Profiles Of Valor: End Of Watch

  • Saturday, January 6, 2024
  • Mark Caldwell
Detroit Officer Amanda Hudgens
Detroit Officer Amanda Hudgens
I have written Profiles of Valor for many years, most often about past and current recipients of the Medal of Honor. However, every week I review accounts of law enforcement officers (LEOs) killed in the line of duty.

Being a police academy graduate early in my career, and having served as a uniformed police officer, my association with LEOs and agencies has continued for decades. My connection with and advocacy for our brothers and sisters on that Blue Line has never ceased.

That advocacy has been particularly important since the summer of 2020, when Joe Biden and his Democrat race-hustling cadres politicized the death of a Minneapolis street thug in police custody, a career criminal and perennial drug offender with a violent history.
Endeavoring to enflame their (now defunct) so-called "Black Lives Matter" radicals and their antifa movement of self-styled “anti-fascist” fascists ahead of the 2020 election, in the middle of the COVID pandemic, they succeeded in turning the deceased into a "victim," fomenting riots nationwide under the “I can’t breath” mantra.

As Booker T. Washington declared a century ago, "There is a certain class of race-problem solvers who don’t want the patient to get well, because as long as the disease holds out they have an easy medium through which to make themselves prominent before the public.” (For the record, if Democrats really believed that Black lives mattered, they would be focused on their failed social policies resulting in the grossly-disproportionate record of daily Black-on-Black murders and violence.)

That "summer of rage" surge of violence across our nation resulted in dozens of civilian murders, billions in damage to private and public properties, and a significant increase in assaults against police officers. That record violence spilled over into the years that followed and has yet to subside.

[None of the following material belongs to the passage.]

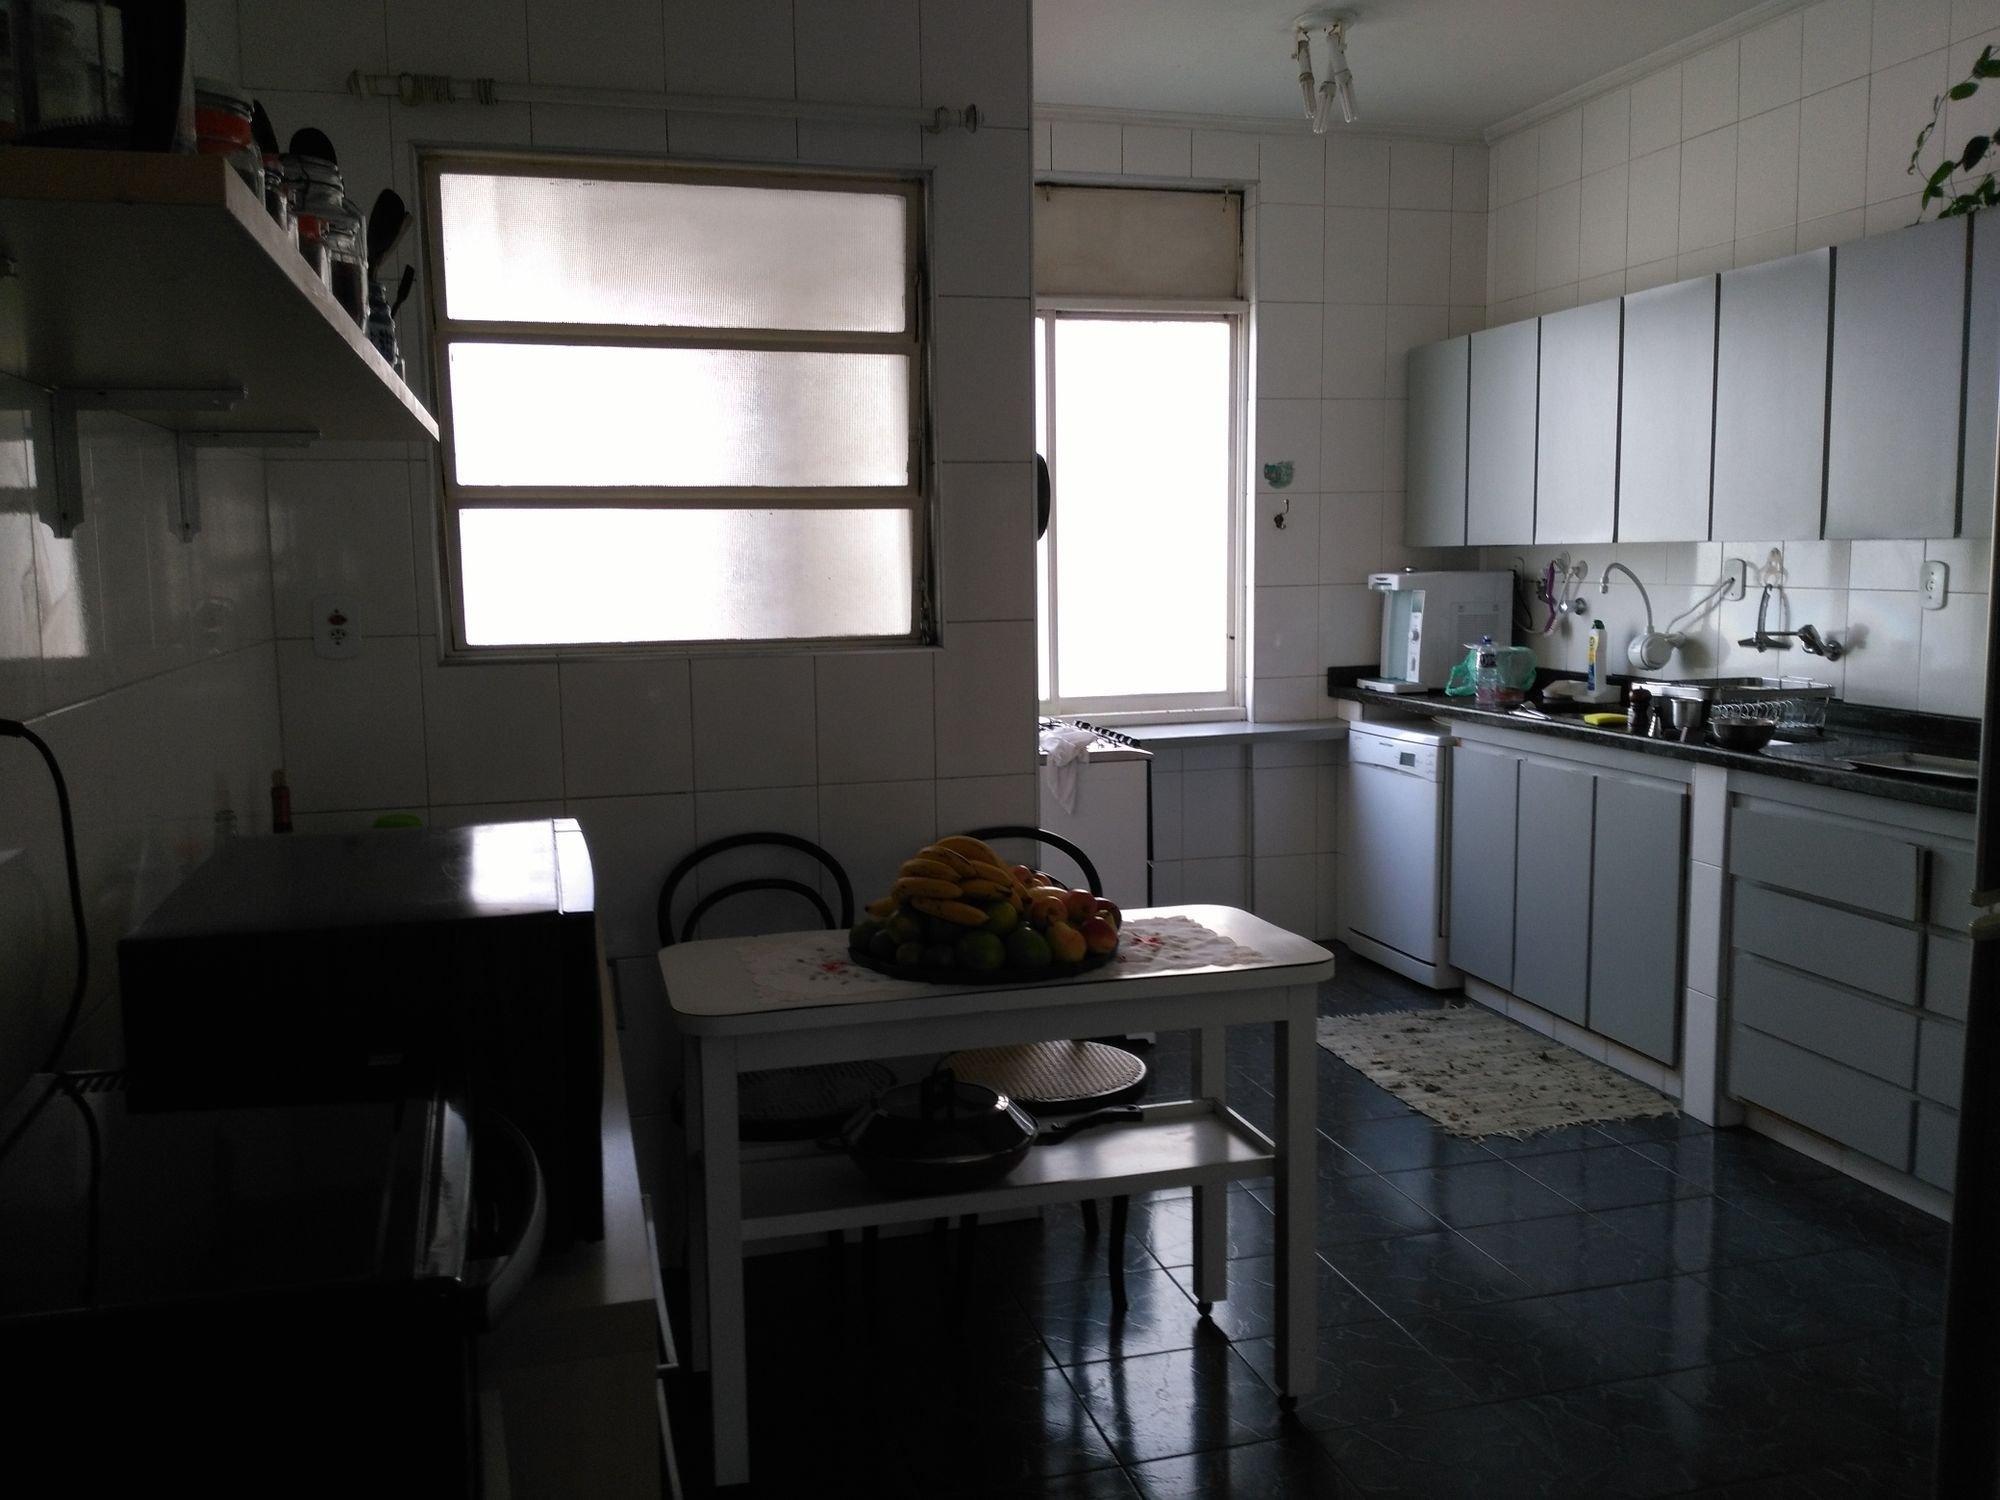 Foto de Cozinha com garrafa, mesa de jantar, xícara

In due respect to the officers who put their lives on the line every day, I am devoting this valor profile to one instance of the heroic actions by officers that occur almost daily across our nation, while defending fellow officers and citizens alike.

In this case, I salute Detroit Officer Amanda Hudgens, who protected her dying partner, Loren Courts, despite imminent threat to her own life.

The incident in question was typical of those that are repeated many times each day in mostly urban centers across our nation — officers responding to a “shots fired” call. But in this case, it was an ambush.

As Hudgens recounts the tragedy: “We’ve answered thousands of shots fired runs. He looks at me and I look at him. He asked, ‘You got me?’ Always. We do our special handshake. Then, I just knew. I got you.”

She continued: “We pull in. I remember hearing the gunshots, seeing the muzzle flash, feeling the glass break, and seeing him get out of the car as I’m getting out of the car. We run, in sync – we move in sync, everything we do is in sync. He goes one way, I’m going the same. We’ve got each other, always. I see him holding his neck, and then he collapsed, and I just, I screamed a horrific scream. I couldn’t – the east side heard me. Everybody heard me. I know the city of Detroit heard me, and I just held him, and I held pressure. I remember turning around and I remember seeing the assailant. I just looked at Loren, said, ‘I love you’ – I wasn’t letting go of him, because I won’t ever let go of him, and I just held on and I turned my back. I couldn’t drag him to cover because I couldn’t let go. The only thing I could think of was to be his cover, and just hold him.”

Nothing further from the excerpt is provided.